Monday, October 19, 2009

Doing it all myself???

I have to wonder if maintaining a relationship is what I want to keep doing?? I mean right now, I feel like I'm doing all the work. I wake up, get the kids ready, make sure Isabella has everything for school, send her off to the bus or drop her off, make sure the baby is dressed, leave him with my dad, go to work for 8+ hours, get home, do the kids laundry, do my own laundry, make sure permission slips are signed, homework is done, make sure appointments are scheduled, feed the kids dinner, bathe the kids, get them ready for bed and finally put them down. Now every day isn't the same but the vast majority of it does not chance. With every day that goes by, there are new challenges to face, new adventures that we are dealing with and to be frank, I feel like I'm doing this alone with the kids.

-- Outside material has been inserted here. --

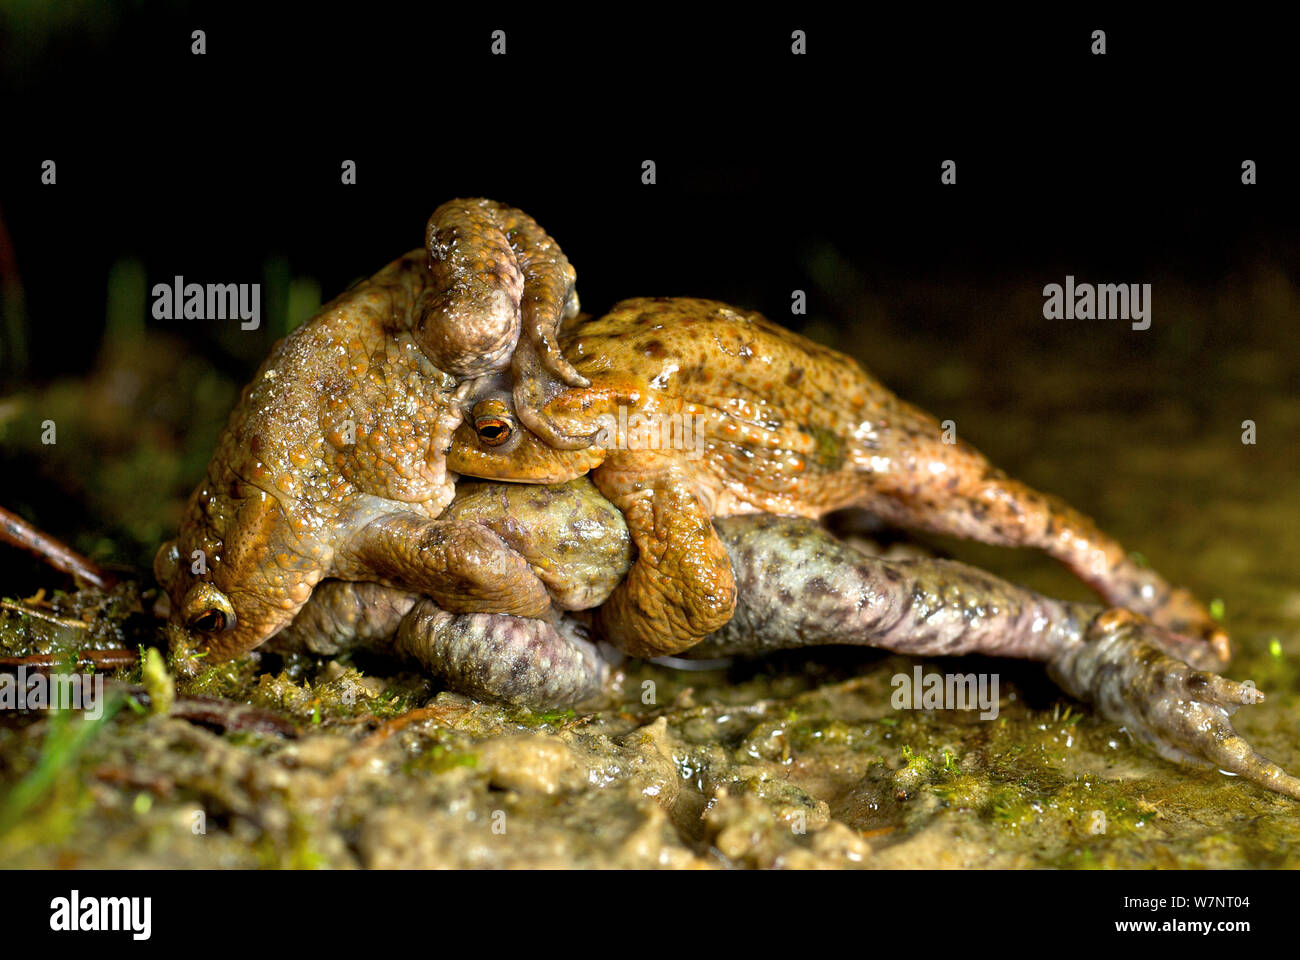 Two male Common european toads (Bufo bufo) competing to mate with the same female, Belgium, March. Stock Photo
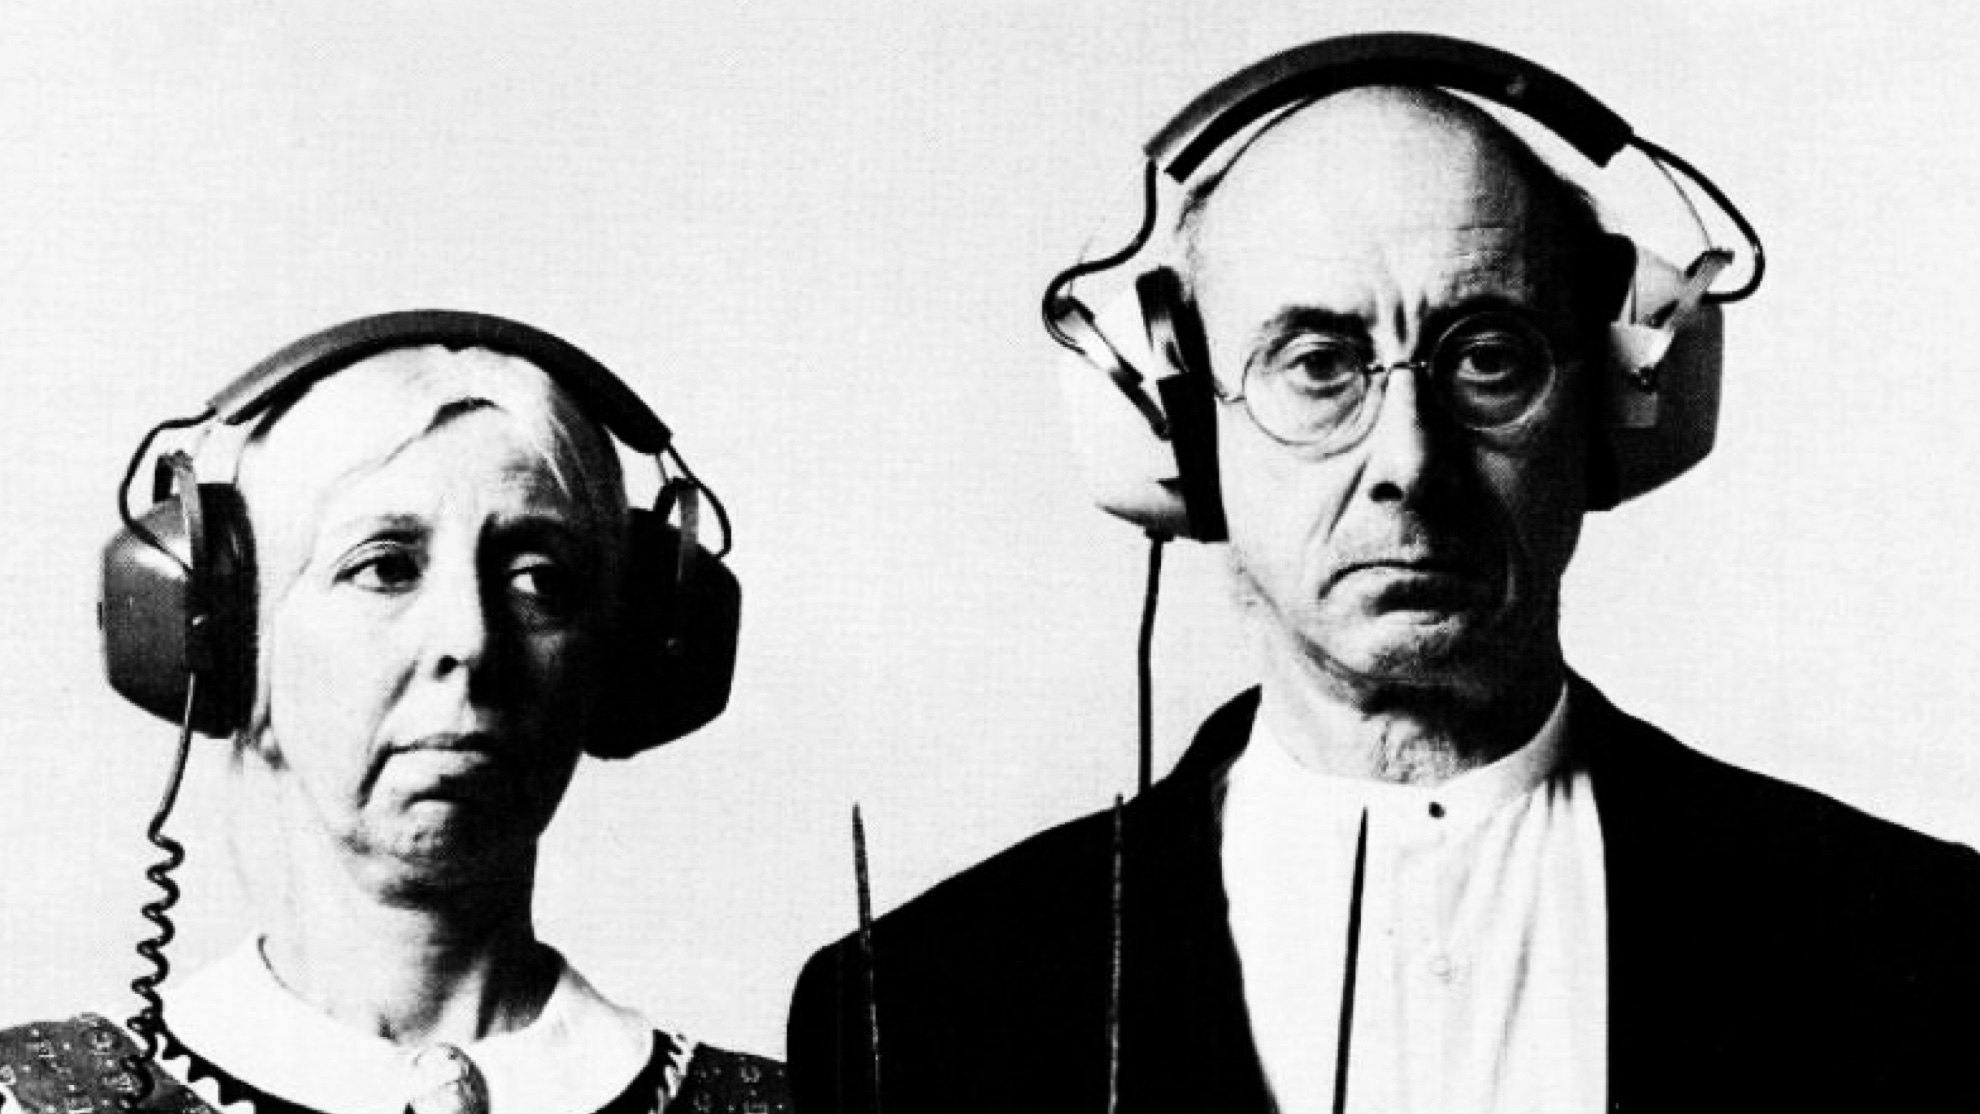 a 197s RCA advert showing two people wearing headphones

If it isn't the actual help, then it's the financial aspect. I sink every paycheck into clothes for the kids, food for the kids, bills for the house and my father's medication. What does he do with his money? Hell if I know. I think my biggest problem as of late is his ability to prioritize. He knew on Friday that Isabella had a dentist appointment scheduled for today. I asked him to please provide me with $50.00 so that I can put in the other half and pay for her visit today. Saturday came and went...and I was duped again into putting a $55.00 purchase on my card (oh I'll just give you the money later)...with no money for the appointment. Sunday, he woke up and jumped right into playing his video games. No spending time with his daughter. or with his infant son. He took some time to drop off his oldest son and to pick up lunch, but again neglected to pay back the $55.00 that was spent on Saturday or give me the $50.00 for his daughter's appointment. Instead, he went on to spend 12 hours (that's right, I said 12 HOURS) playing his video games. So this morning, he's rushing around getting ready to work, complaining that he is late when I asked him about the money. Of course at this point, he's annoyed. I told him that I need it when he gets home and he left in a huff.

Am I wrong for acting like this should be a partnership and we both need to be pitching in? This is ridiculous that any kind of talk, whether it be financial or not, turns into a pissing contest. I shouldn't have to pull teeth to get him to help me. I shouldn't be doing this by myself! In talking to my father, he feels that I'm getting used and to be honest, I feel the same way. I'm already doing this all by myself...if it continues to be like this, I'd rather be by myself as well. In a way, it feels like he wants all the perks of being a father and husband, but none of the responsibilities.